5. Spend (more) money on ads
According to HubSpot, organic reach on Facebook is somewhere around 15 percent or less. Meaning, if you have 1,000 followers, it’s likely that only 150 of your followers might see your post. And, if 10% of those folks engage with that post, you might have 15 likes. Unfortunately, we have seen this number decline year to year. Why? Because Facebook is becoming more of a pay to play game, so having an ads budget it’s essential to your social media growth and success.
Social media is one of the only forms of advertising where you can set the budget, timeline, while also choosing things like gender, age, location, personal interests, place of employment, etc. This makes platforms like LinkedIn, Facebook, and Instagram some of the most effective means of advertising in the world. And by the way, it’s also very inexpensive.

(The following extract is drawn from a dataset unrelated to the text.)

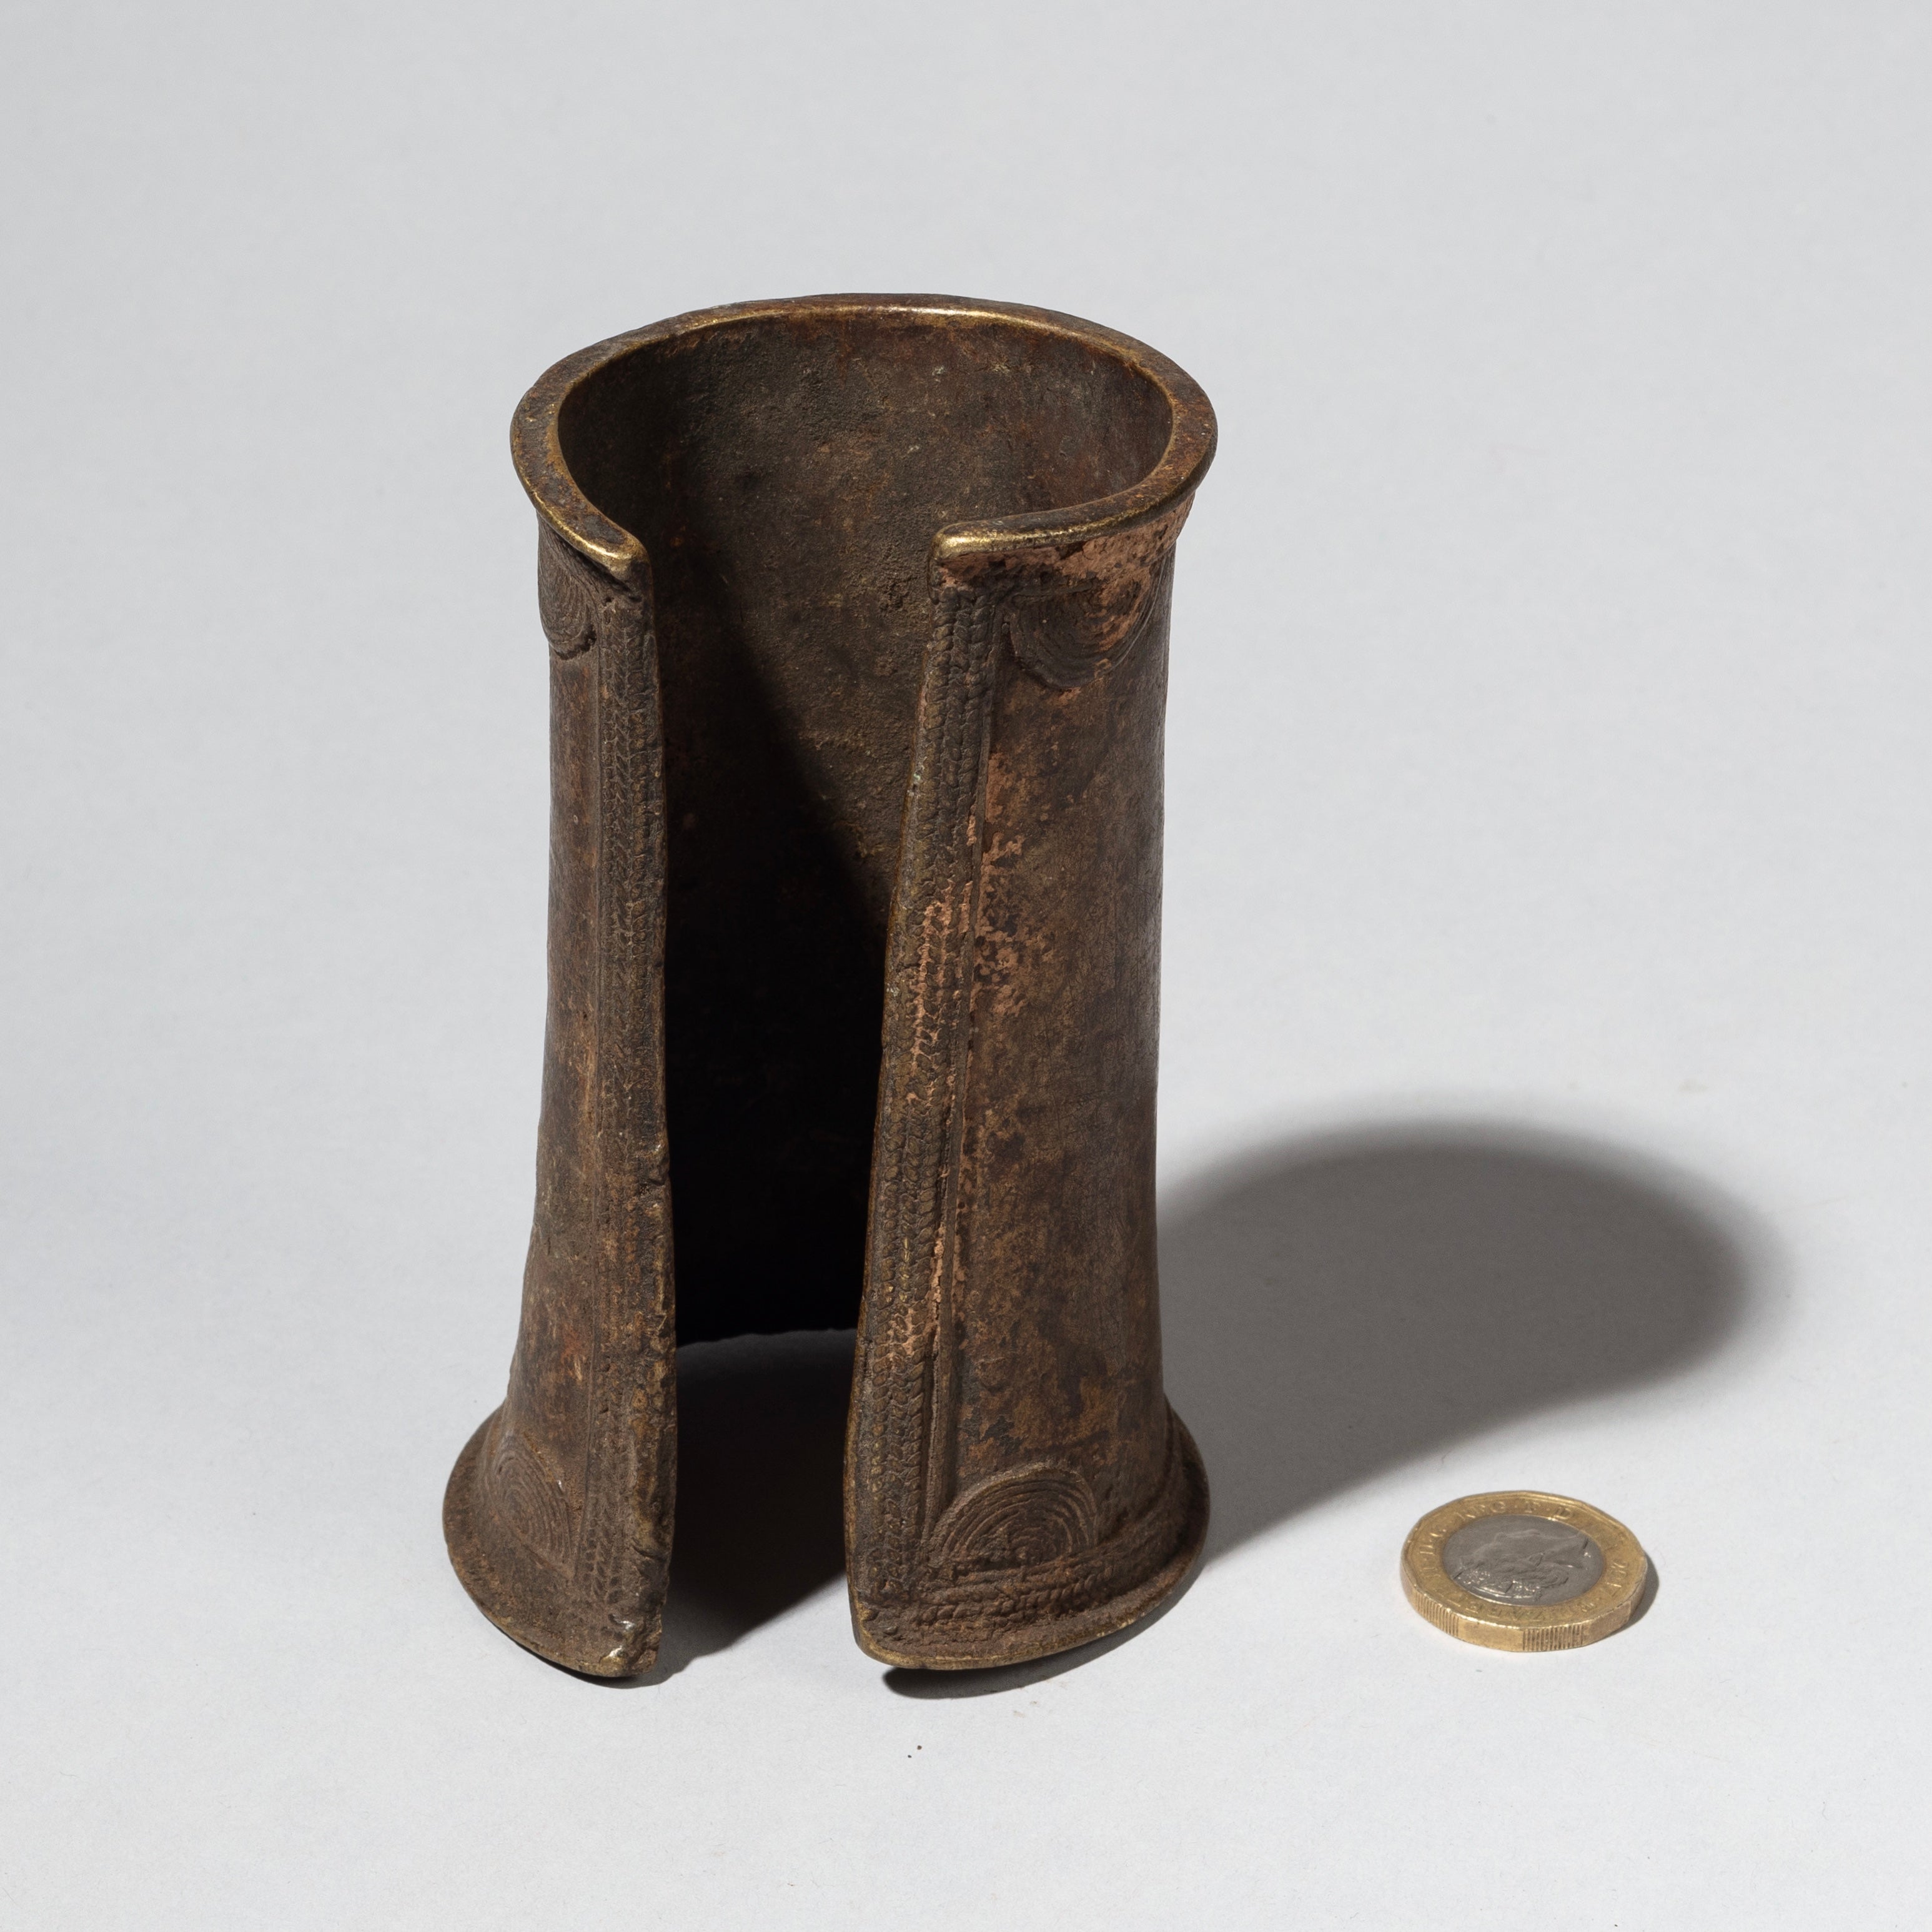 A SOPHISTICATED BRONZE CUFF FROM THE KIRDI TRIBE OF CAMEROON W.AFRICA( No 2292)

If you’re looking to push promotions, sales, coupons, downloads, etc, social media advertising is the place to do it. However, boosting a couple of posts without a strategy is not likely to provide much return on investment. Success with ads comes from testing, strategy, and creative content.
6. What do your customers have to say
Almost nothing is more powerful and persuasive than a video testimonial from a happy client. You can tell the world how great your product or service is. But, why wouldn’t someone expect to hear that? Facebook, Google, and TripAdvisor reviews help build trust, brand equity, and can also provide a strong boost for your SEO (search engine optimization). While Google and Facebook reviews are extremely helpful, video testimonials are even more powerful. When getting started, call 5-6 clients and ask them if they would be willing to leave a review. If you can explain why your asking and how it could impact your business, this increases the likelihood of follow-through.
7. Be vulnerable
Keep in mind that customers and clients don’t connect with businesses, they connect with people within businesses and for any one of the reasons above.

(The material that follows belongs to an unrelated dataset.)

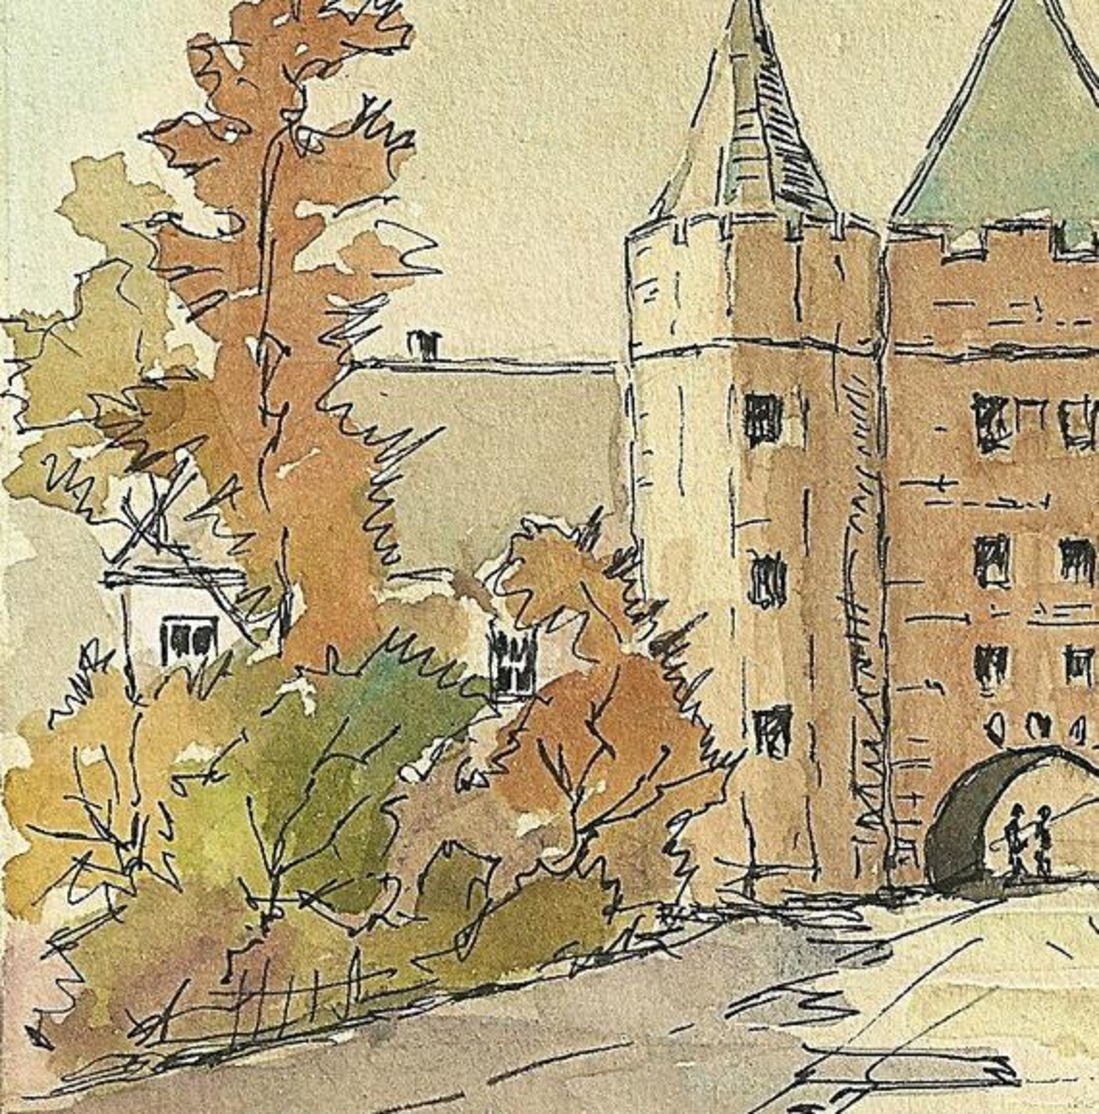 Watercolour Landscape Painting, Pen & Ink Drawings Of An Old Castle Tower Fort Gateway, Signed & Dated 1962. - Watercolours

During times like these, your customers want to hear from you, they want to see you, and believe it or not, they want to know how the latest pandemic is impacting your business. That requires you or your team to get in front of a camera and share.
Share your quarantine stories, talk about how your business has been impacted, positively or negatively. Talk about how your business will evolve in a post-covid-19 world and more importantly, will your team be doing to help keep people safe.
Just remember, the purpose of social media is to be social which means highlighting your people, telling your stories and occasionally getting in front of the camera.
When it comes to social media, we’re just scraping the surface and no one tactic or post is going to bring you success. Social media takes time and requires a strategy so invest some time, resources, creativity and be consistent. Make your page a resource for your followers and results will build over time.